• DATA TO USE:
============
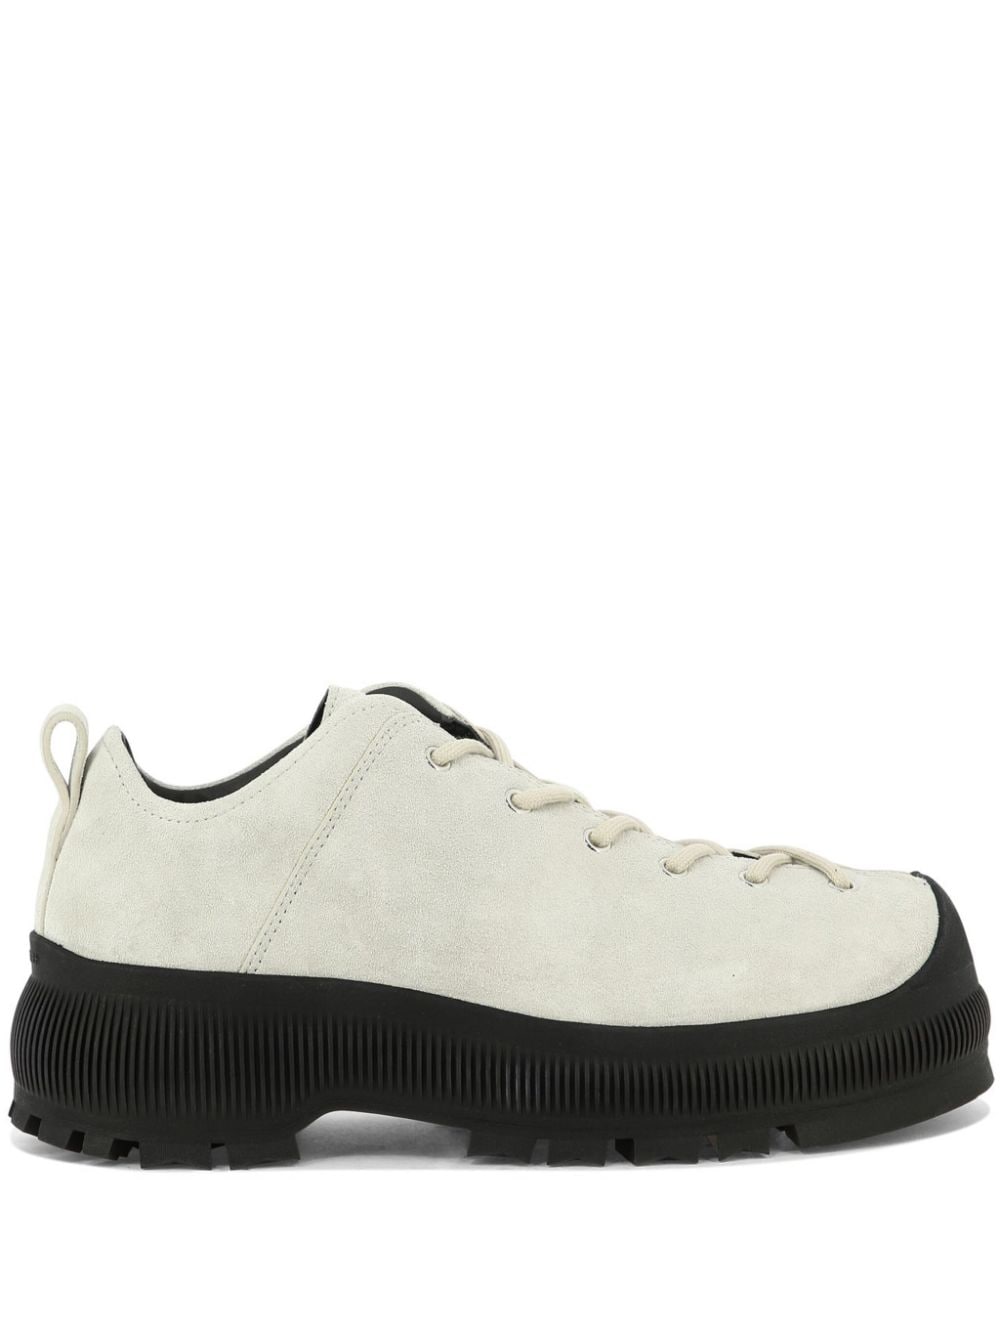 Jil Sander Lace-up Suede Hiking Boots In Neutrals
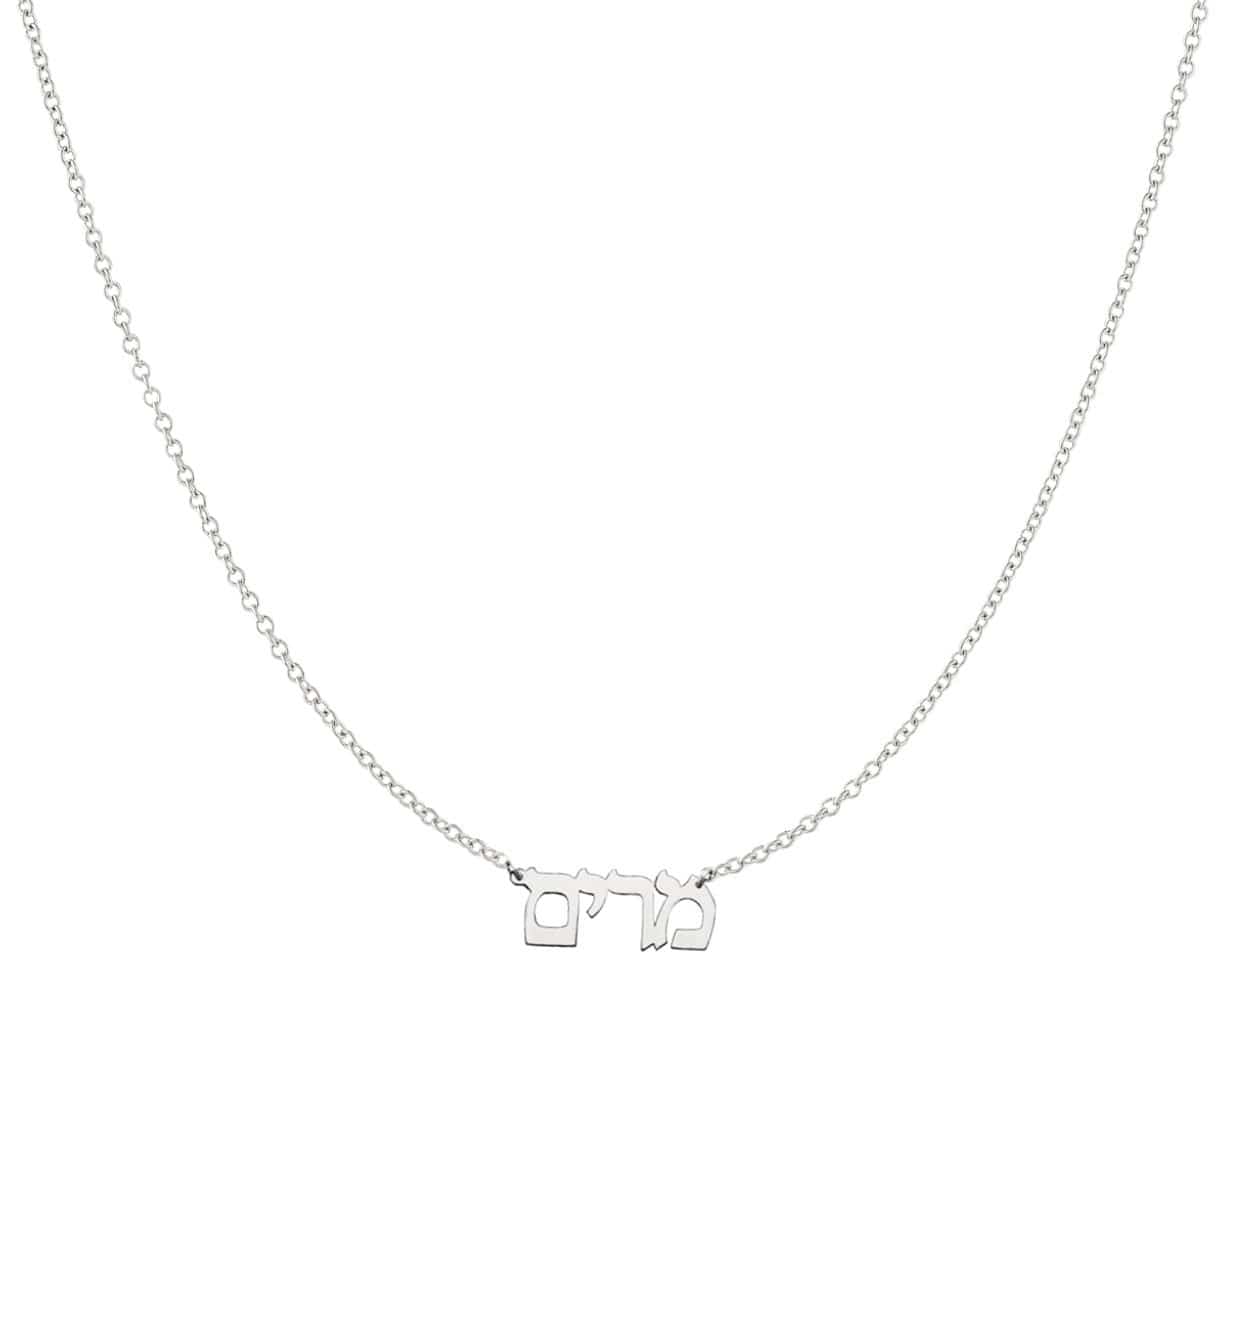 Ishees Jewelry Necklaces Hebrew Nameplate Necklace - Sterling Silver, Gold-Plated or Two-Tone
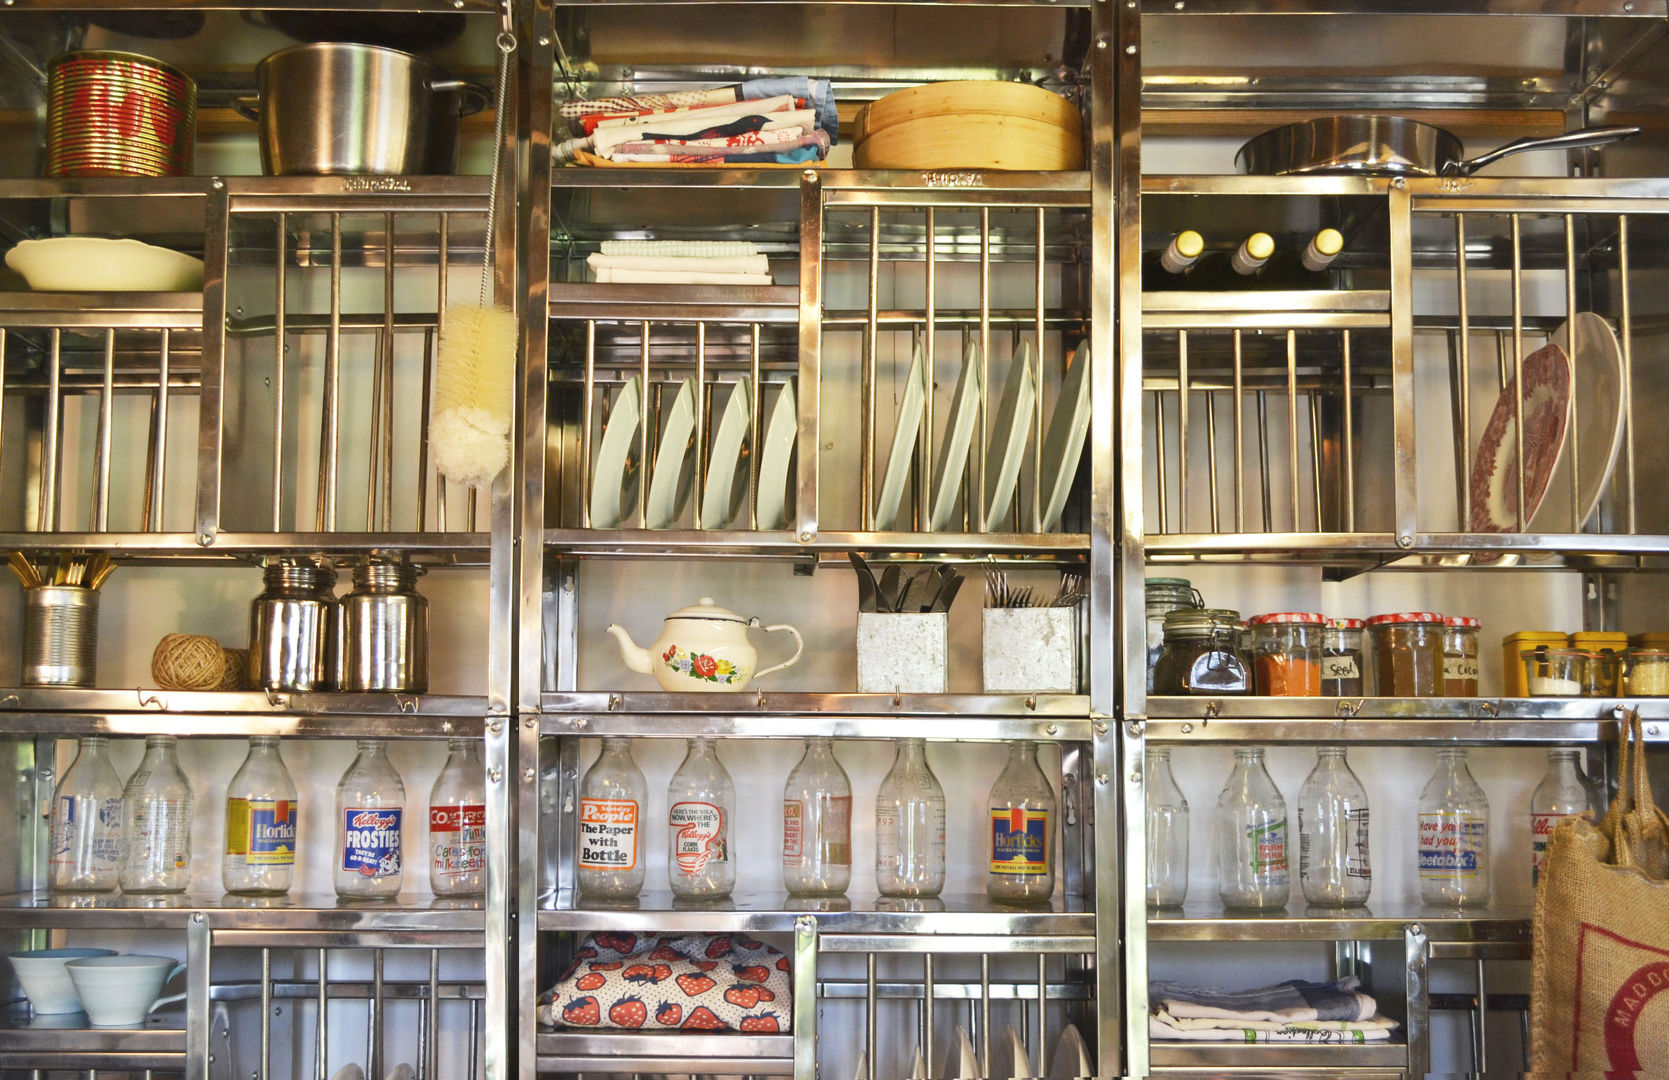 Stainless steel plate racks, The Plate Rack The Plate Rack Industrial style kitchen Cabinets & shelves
============
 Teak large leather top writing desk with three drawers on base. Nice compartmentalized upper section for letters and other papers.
============
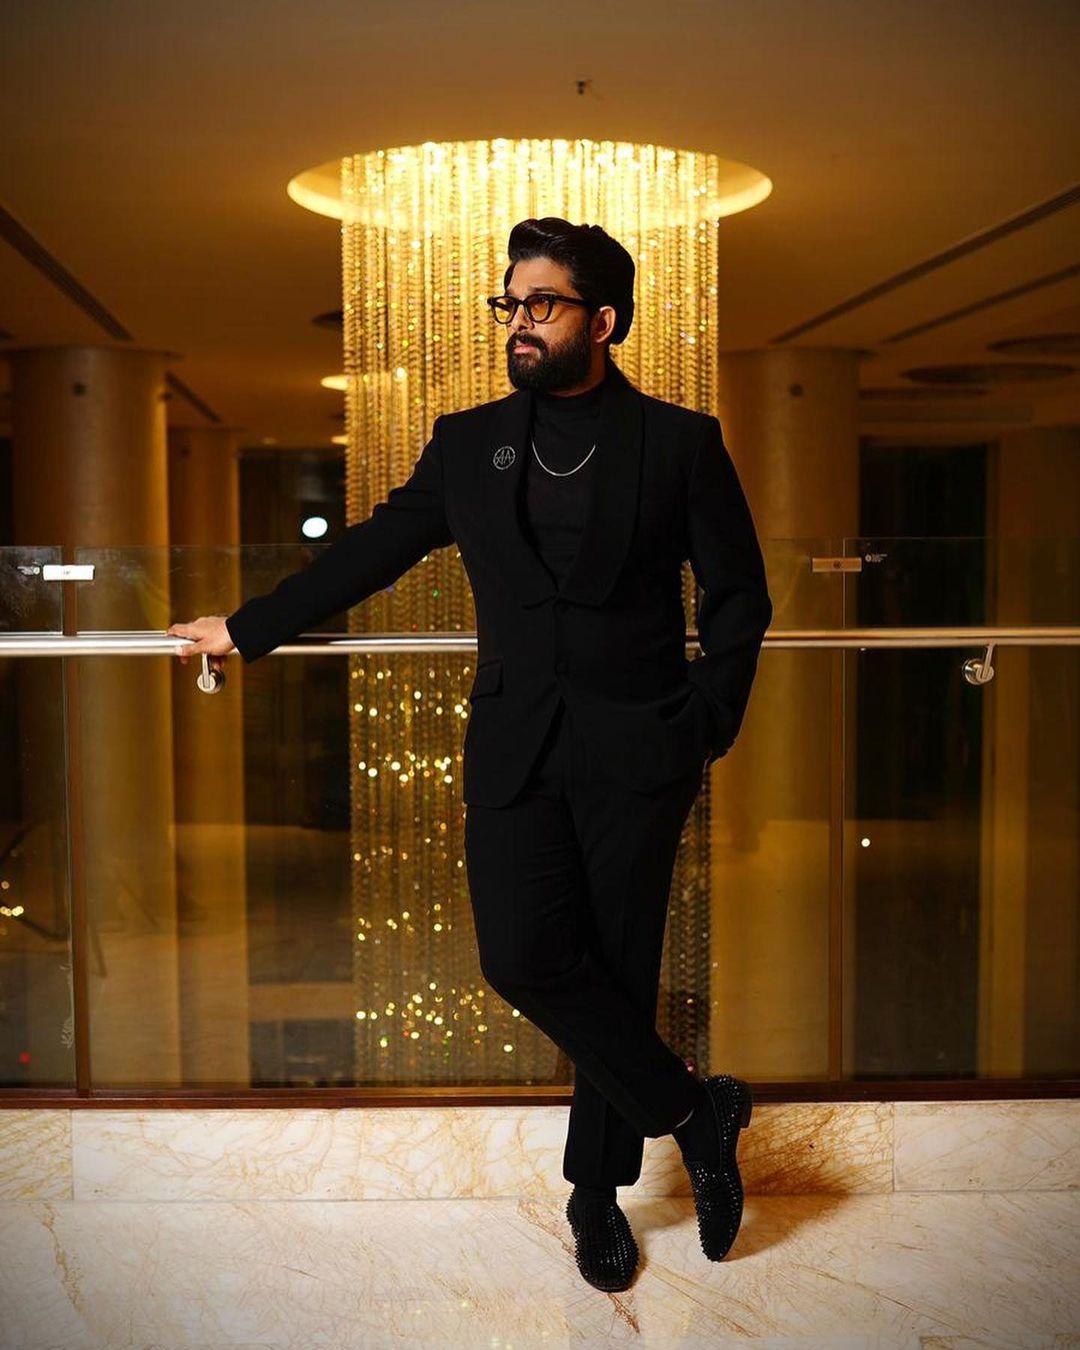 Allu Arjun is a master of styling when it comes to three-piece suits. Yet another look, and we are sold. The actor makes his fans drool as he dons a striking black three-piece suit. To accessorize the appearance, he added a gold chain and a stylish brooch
============
• EXERCISE:
Each line between the one holding "Ishees Jewelry Necklaces" and the one holding "Stainless steel plate", inclusive, should be copied exactly as it appears above, and pictures should be omitted.

• EXERCISE RESULT:
 Ishees Jewelry Necklaces Hebrew Nameplate Necklace - Sterling Silver, Gold-Plated or Two-Tone
 Stainless steel plate racks, The Plate Rack The Plate Rack Industrial style kitchen Cabinets & shelves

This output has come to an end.